The two main weaknesses of our superannuation system are the proliferation of multiple member accounts and the defaulting of members into underperforming funds. These are both problems that have been highlighted by the Productivity Commission, and they need to be fixed in order to make the system more efficient and deliver improved retirement outcomes. Identifying underperforming funds is the focus of this article and is also the focus of APRA’s newly launched ‘Heatmap’. APRA’s methodology is broadly similar to ours and we comment later on what it could mean for our industry.
The problem of unintended multiple accounts could be solved relatively simply by changing how the default fund procedure works. People often drift into having multiple accounts because, when they start a new job, what happens to their new employer’s contributions is not the most important thing on their minds. Since they are unlikely to take positive action, the way to save them from inadvertently starting yet another account is to have the new contributions directed into their most recent active account.
This was the Productivity Commission’s ‘Default Once’ recommendation and the Royal Commission’s ‘Stapling’ recommendation and it makes absolute sense. Combined with a more streamlined process for consolidating existing accounts, such as integrating it with the TFN notification process, this would go a long way towards the ideal where most members carry just one default super fund with them throughout their working lifetime.
The second problem of defaulting members into underperforming funds is more complex and any solution is likely to be more contentious. The Productivity Commission’s favoured solution was to limit the funds to which members could be defaulted to the Top 10 so-called ‘Best in Show’. This approach, while superficially appealing, has many shortcomings.
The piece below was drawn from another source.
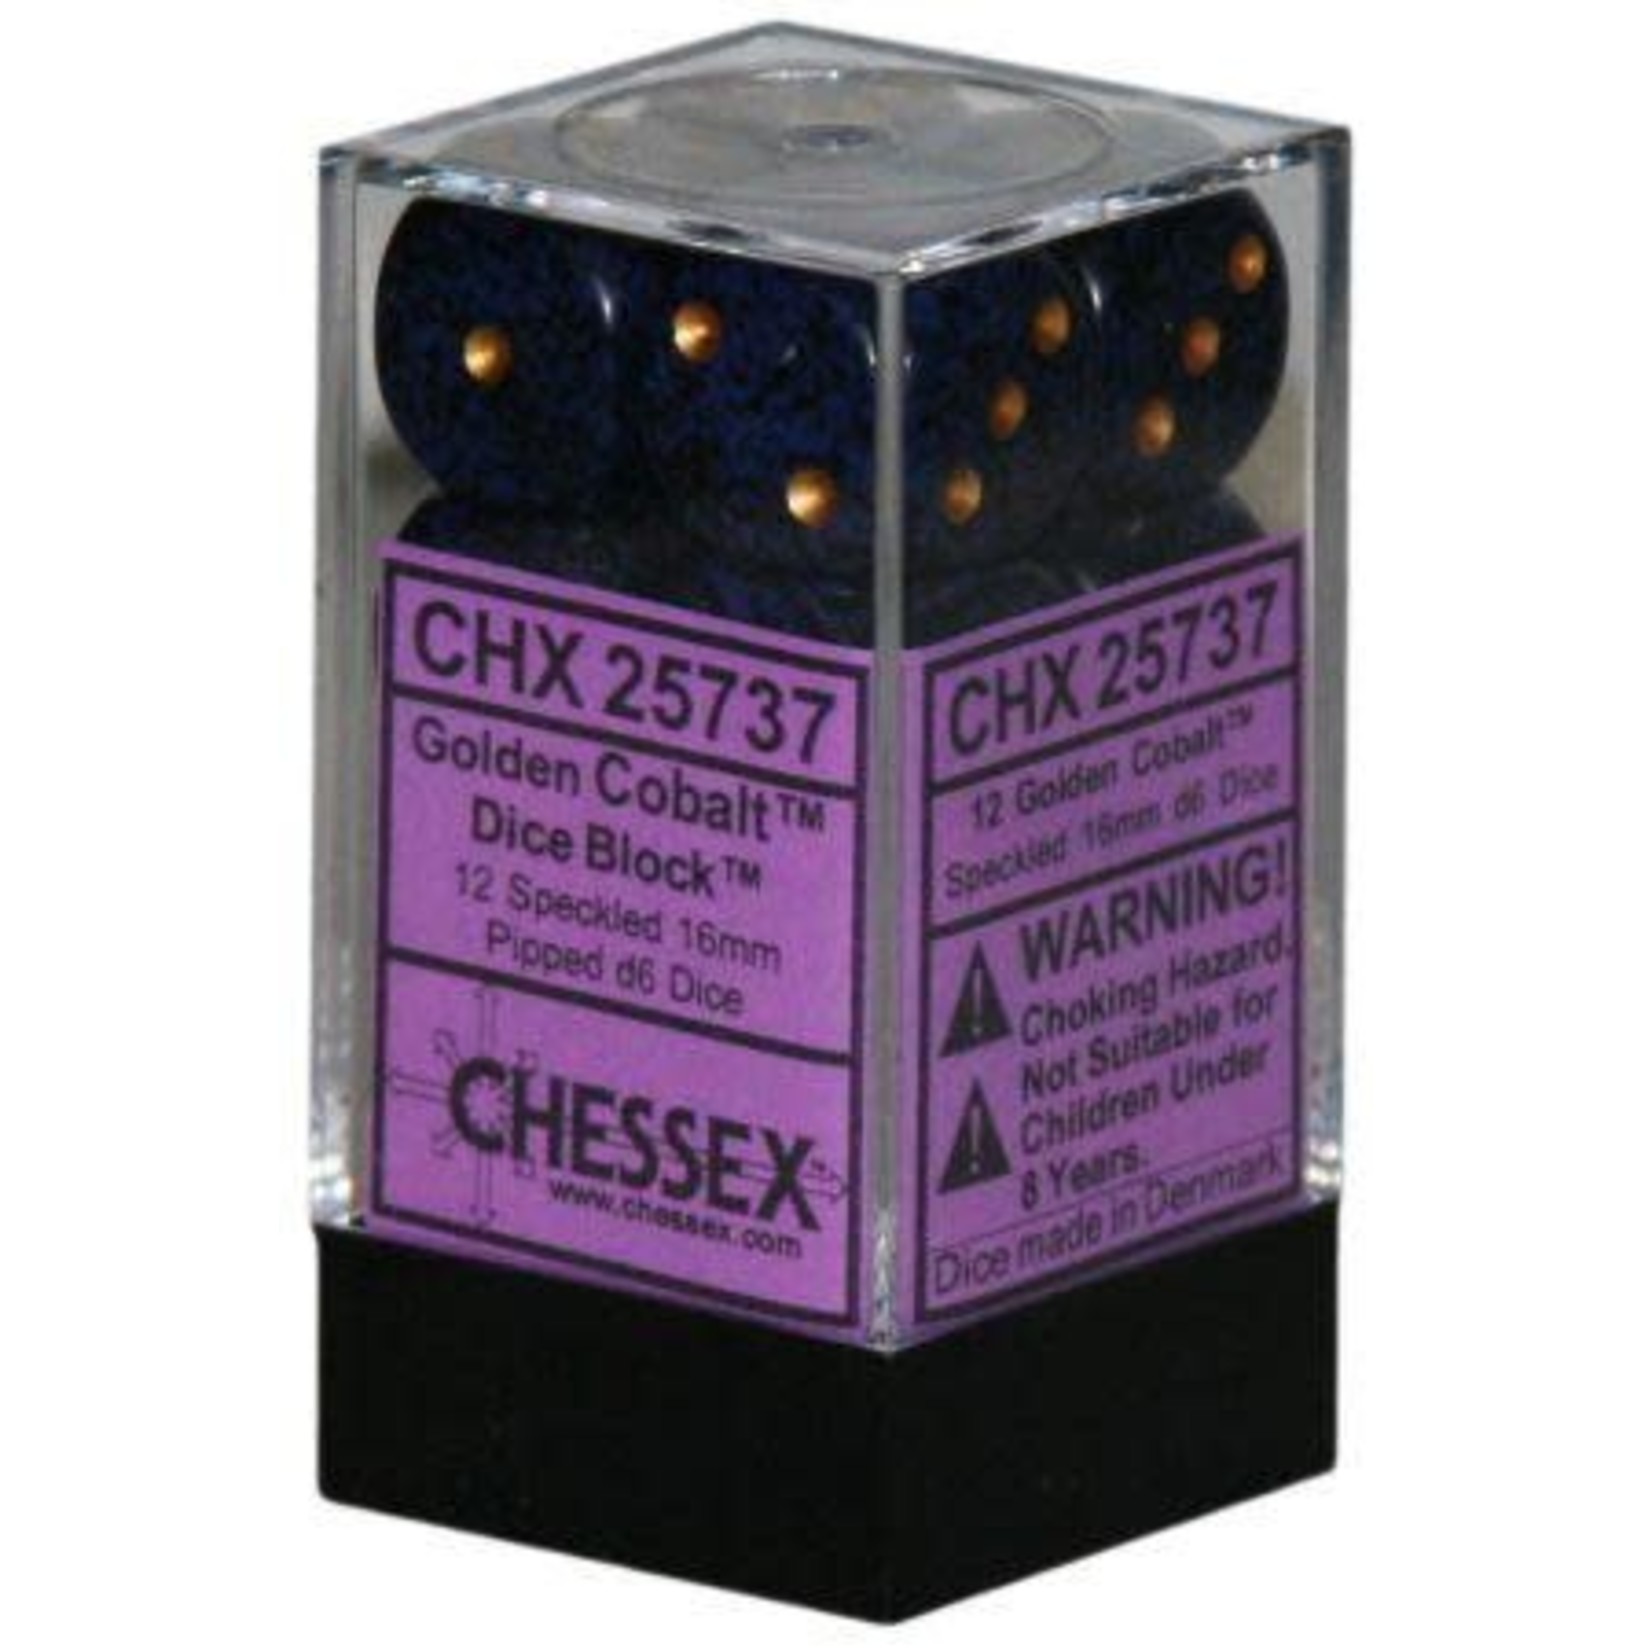 chessex Chessex Dice Speckled 12D6 Golden Cobalt

One is that it is too restrictive on employers. We have run many corporate super tenders over the years where the successful fund was not in the top ten according to our ratings criteria. Our medium to large employer clients chose funds that were better suited to their particular needs – perhaps because they could replicate the existing insurance design or because their member services were regarded as superior.
Perhaps the biggest shortcoming of the Top 10 approach, assuming it would have a high weighting to investment performance, is that it would be inherently unstable. The performance differential between the 20 top-performing funds is quite small, so any list of the ten top-performing funds will be constantly changing. Table 1 shows the 10 top-performing Growth options (61 to 80% growth assets) for 10 years to 31 December 2018, 30 June 2019 and 30 September 2019. The highlighted funds are the only ones that appear in the top 10 over each period – there are only five!
Note: Performance figures used are net of investment fees and tax (gross of administration fees).
We also get different results if we choose different periods for measurement. Table 2 shows the 10 top performing growth options over 15, 10 and 7 years to 30 September 2019 – all of which could be considered to be longer term. Again, the highlighted funds are those that appear in the top 10 over each period – and again there are only 5. A position on or off the list could be a ‘make or break’ for some funds, so which period to choose? The relatively arbitrary decision on which end date or timeframe to use can determine half of the top 10 list.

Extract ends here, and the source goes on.